Monday, Monday...Manic Monday...so...the thing about life is...every good routine is bound to be broken. But on the fourth day? Really??? I really thought that I could go atleast a week before hearing that annoying voice on the Shady Grove Parking Machine. In the creepy Speak & Spell voice...."Thank you and Come Again." Bullshit...I hope I never hear your creepy ass voice again!! No such luck today...but the good news is that even though a trip to the ER interrupted what would have been our first "work day" routine...we still ended up back at home...so that is beyond wonderful. It has made for a long day...but emphasized how good our routine is.
I was worried about spazzing about getting to work too late today...but something in my brain clicked.

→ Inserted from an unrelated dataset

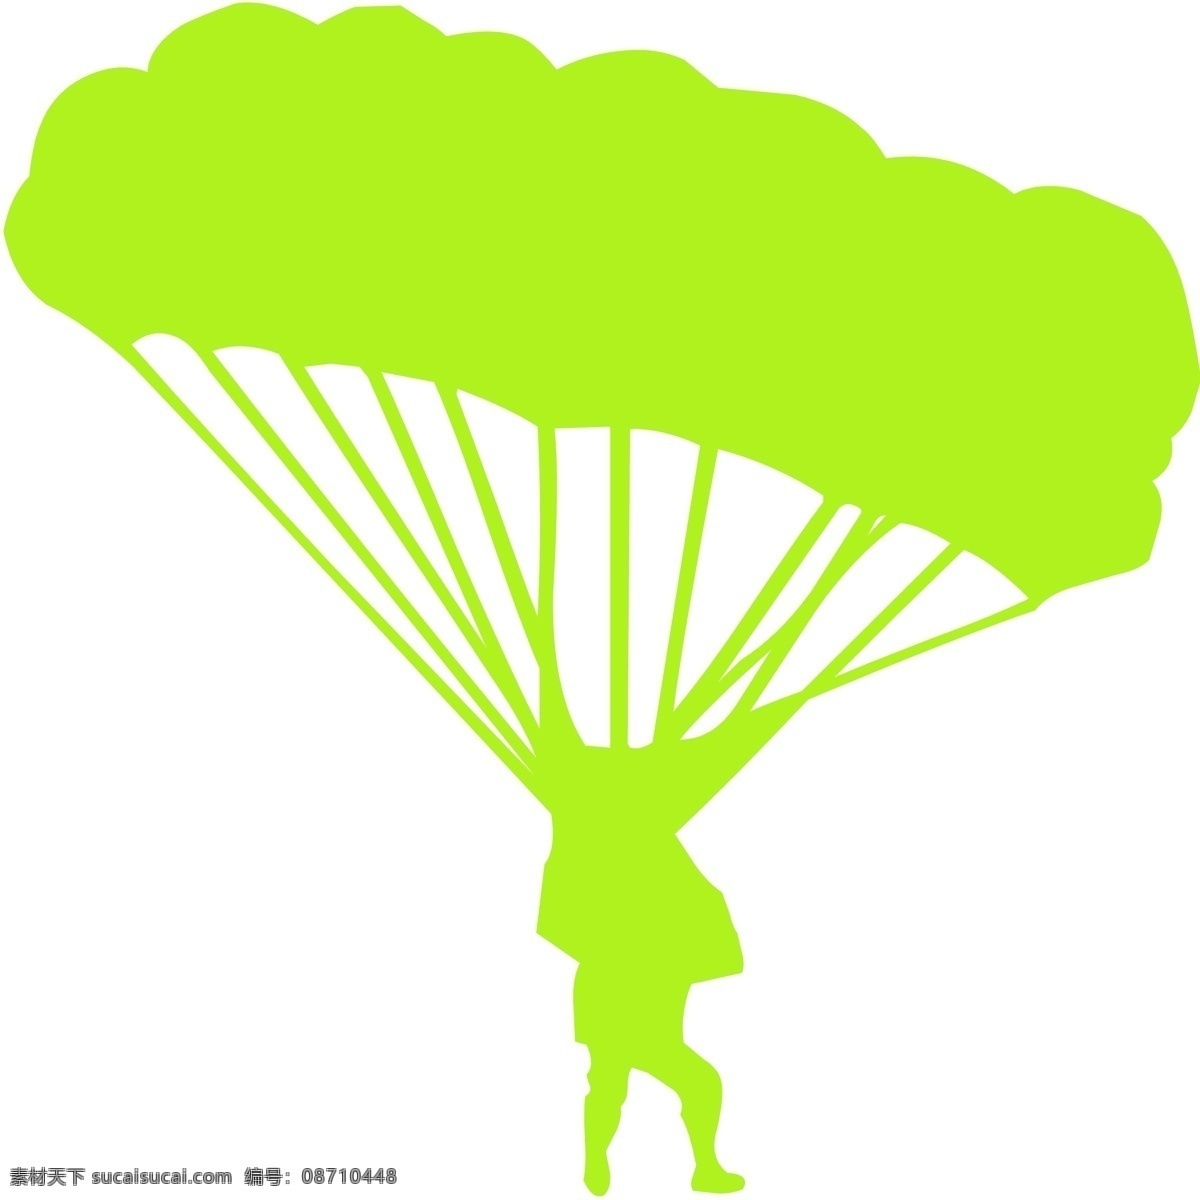 跳伞 人物 矢量 安全 飞行 高清图片 极限运动 健身 矢量素材 体育 运动 跳伞人物 文化艺术

It was so much fun to take my time this morning and help out my Mom too. I felt like I was more productive at work too...even though I spent most of the day in a meeting. I missed the text from my sister alerting me to the trip to the ER...but hightailed it out of there at 6:15pm to meet up with everyone at the lovely hallowed halls of the SGAH ER. We have been there so much that we help route patients to the bathrooms. It is strange to think that the first time I was there was on a Preschool Field trip. The second was when my sister cut her chin open at 18 months...it was brand spanking new then. Now it is filled with memories of Grandma and Grandpa...is that werid?
My tidbit for today is a truth from the depths of my soul...
I am still afraid of transfers...there I wrote it. I am afraid and I need to just get over it. NO FEAR!!!